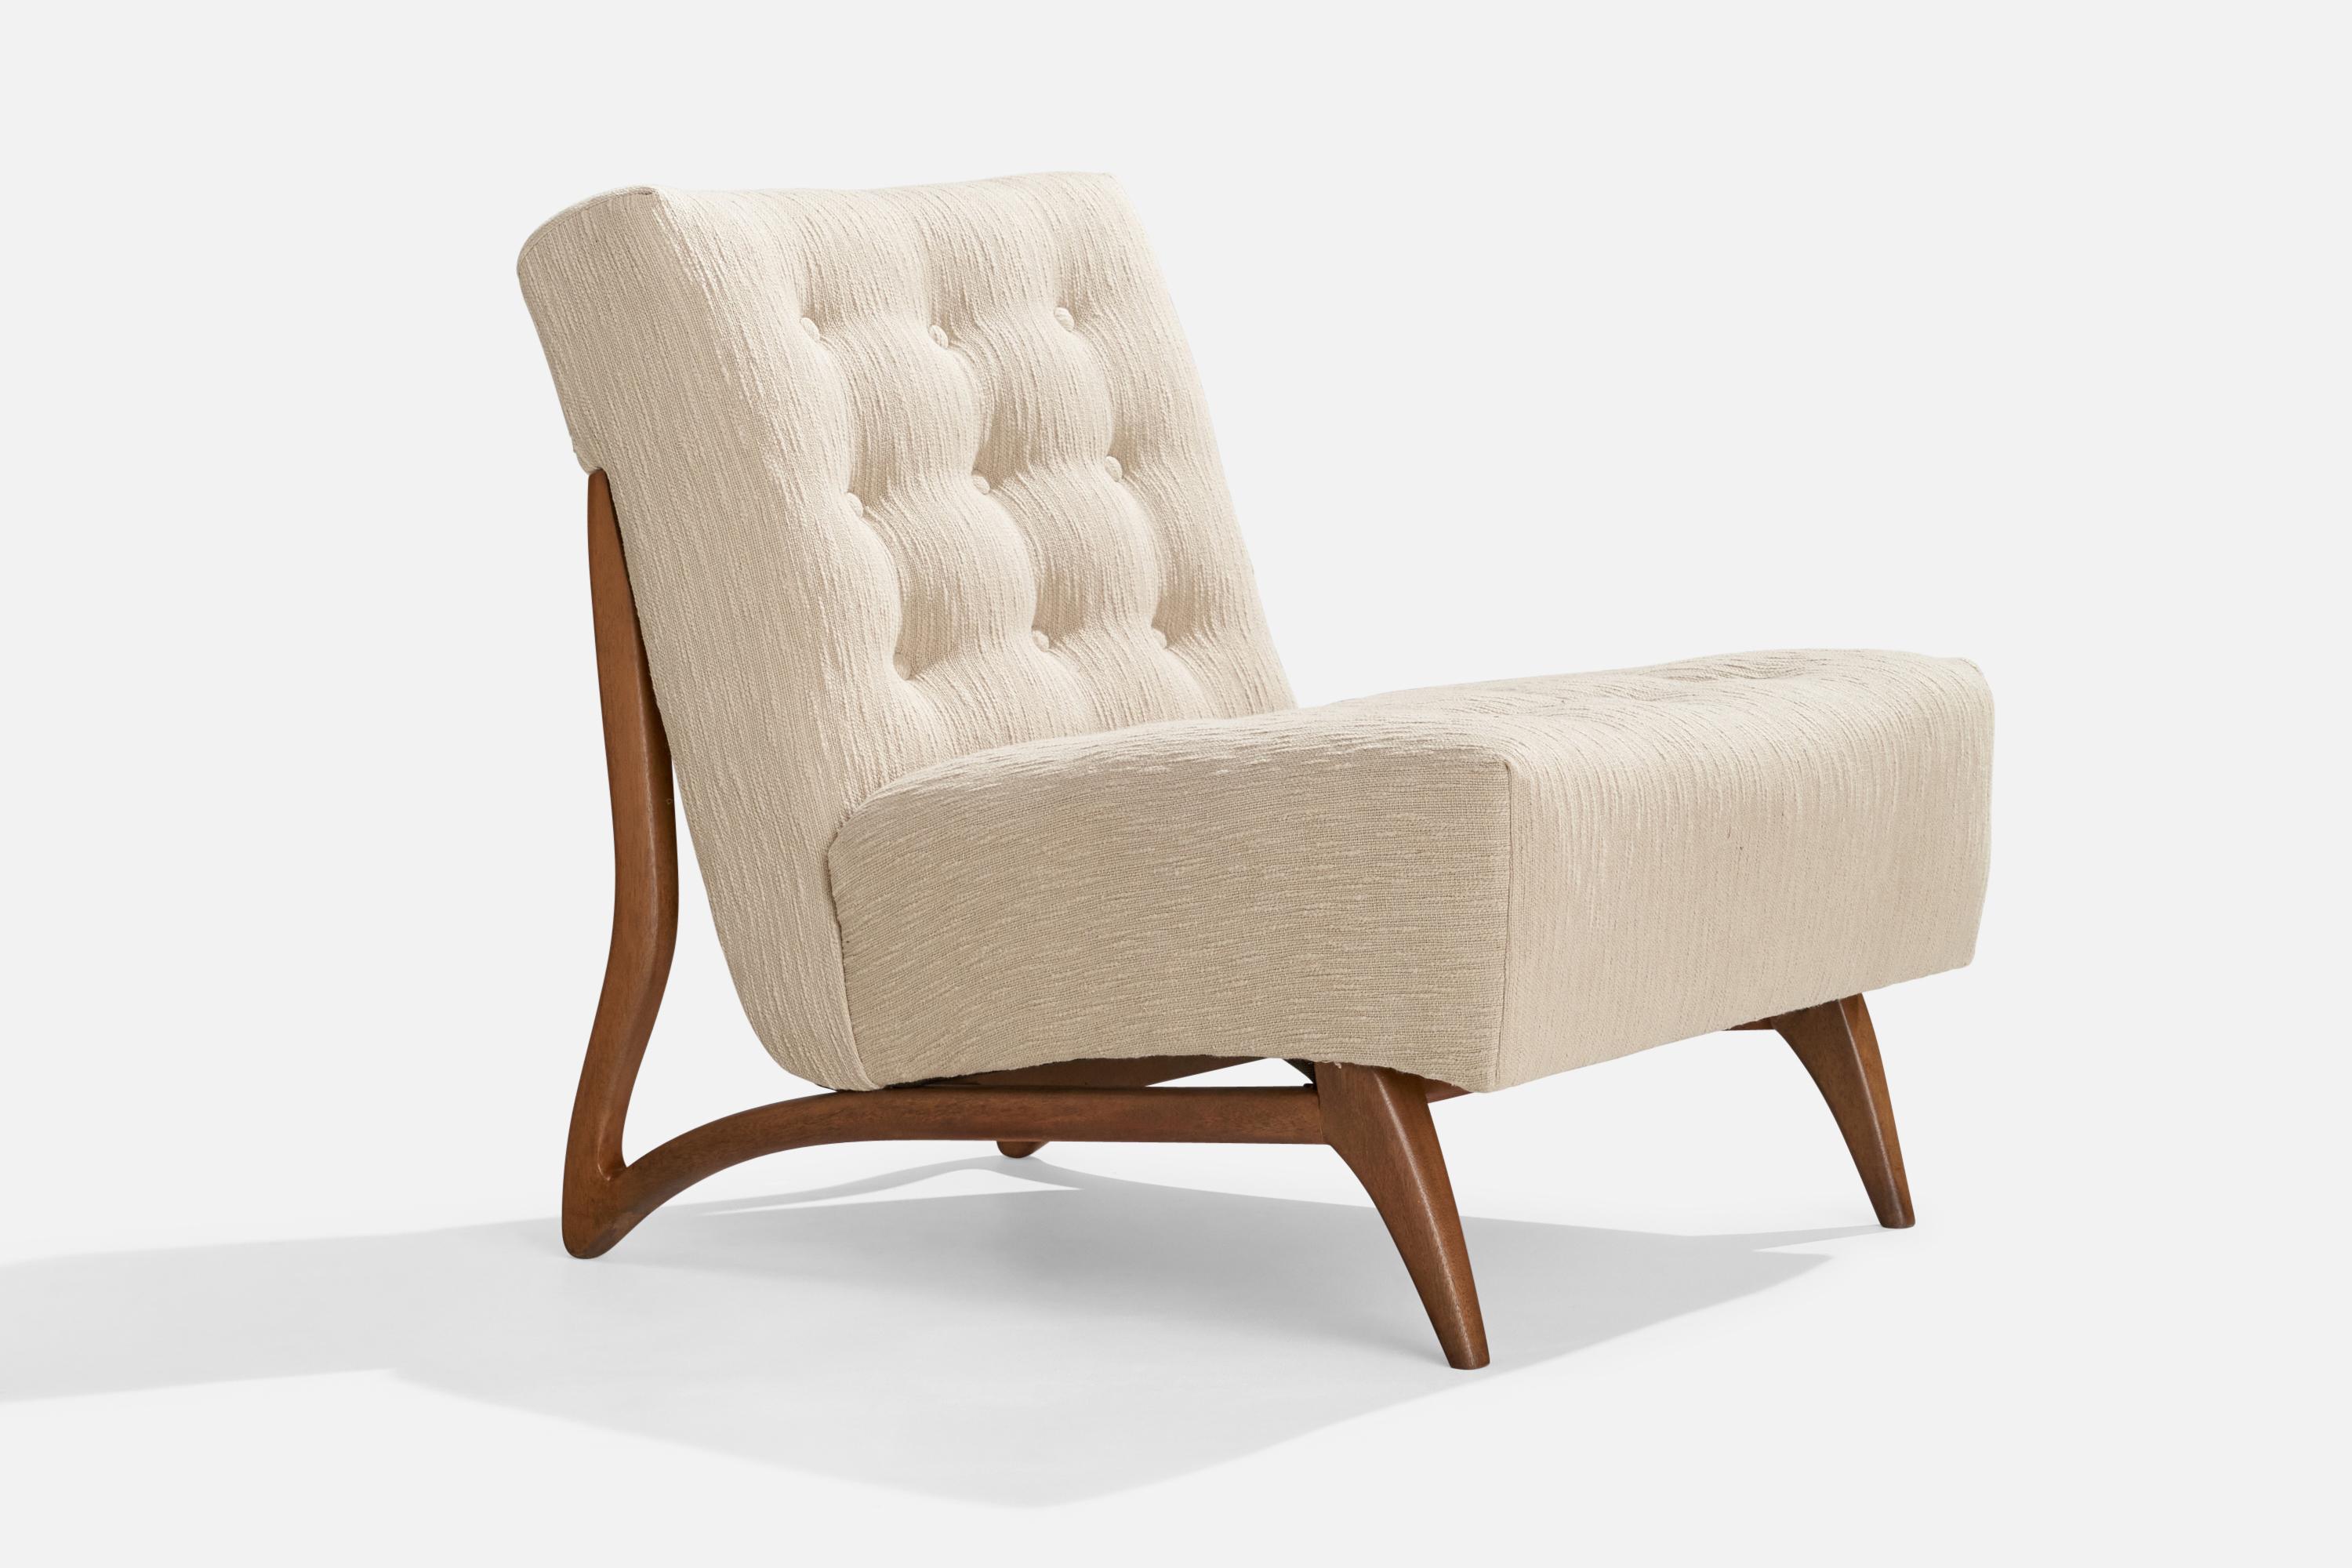 Mid-20th Century American Designer, Slipper Chairs, Walnut, Fabric, USA, 1950s For Sale
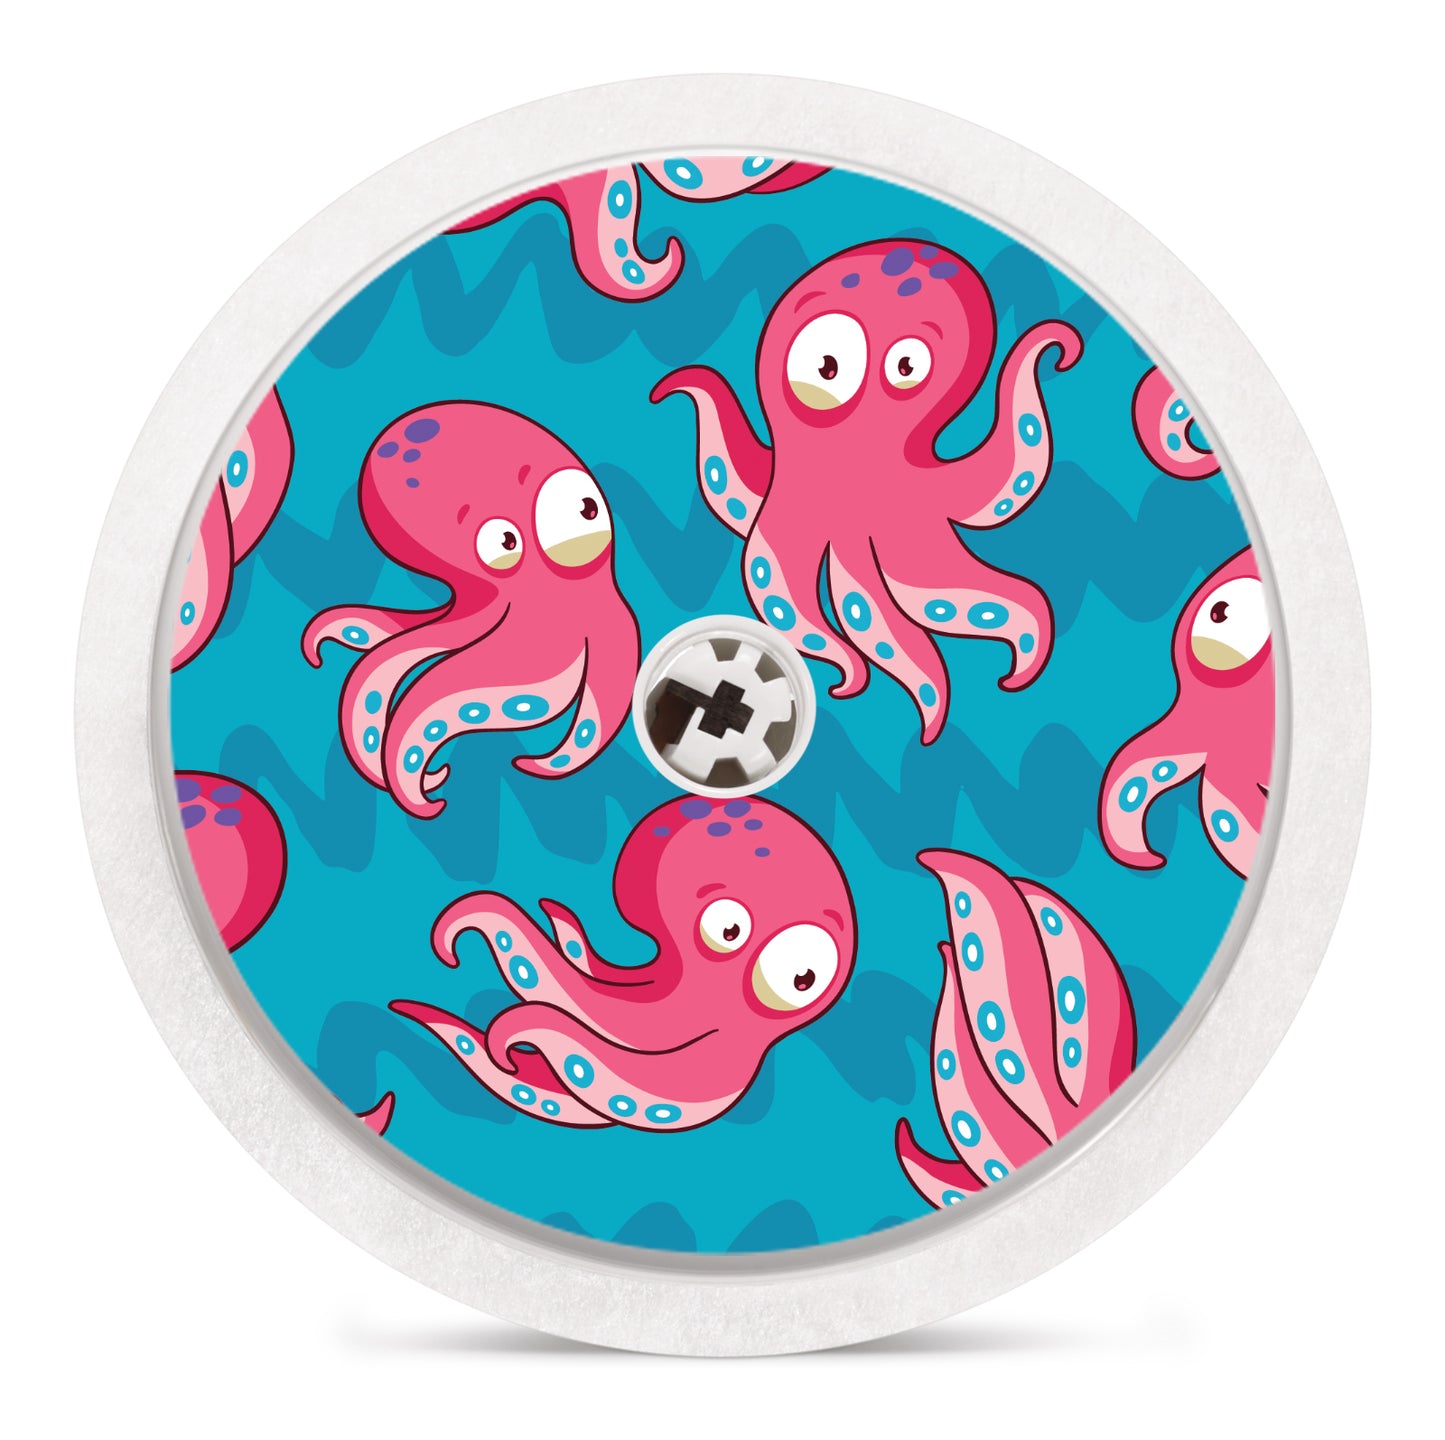 Octopus - FreeStyle Libre Sensor Stickers
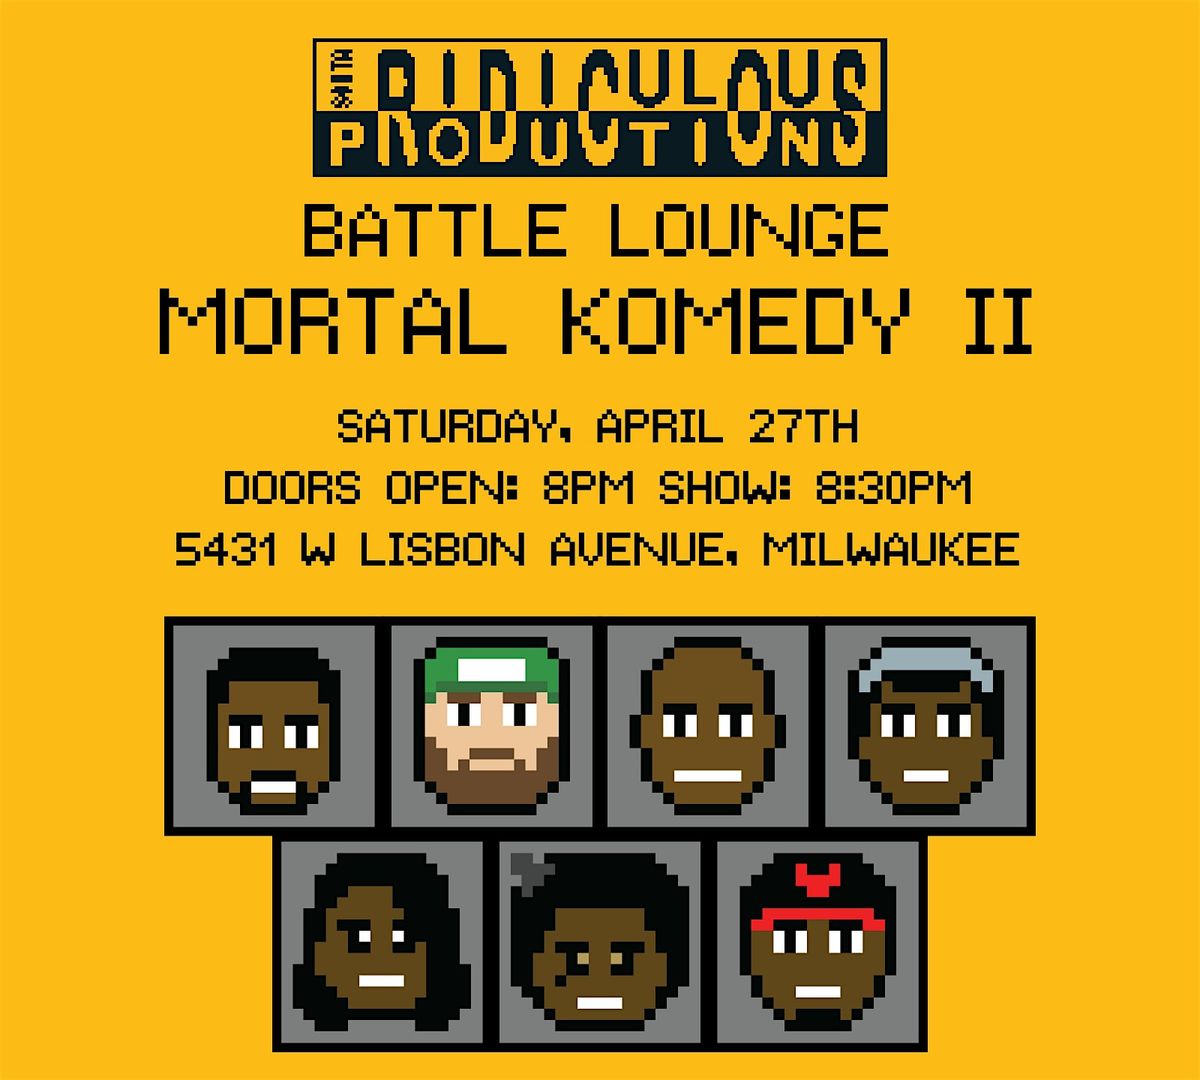 Battle Lounge: Mortal Komedy II Comedy Show

■ ■ ■ ■ ■ ■ ■

- What to do
Go through the listing above and retype it exactly, skipping every picture.

- Solution for this problem
 Mid-20th Century American Designer, Slipper Chairs, Walnut, Fabric, USA, 1950s For Sale
 Octopus - FreeStyle Libre Sensor Stickers
 Battle Lounge: Mortal Komedy II Comedy Show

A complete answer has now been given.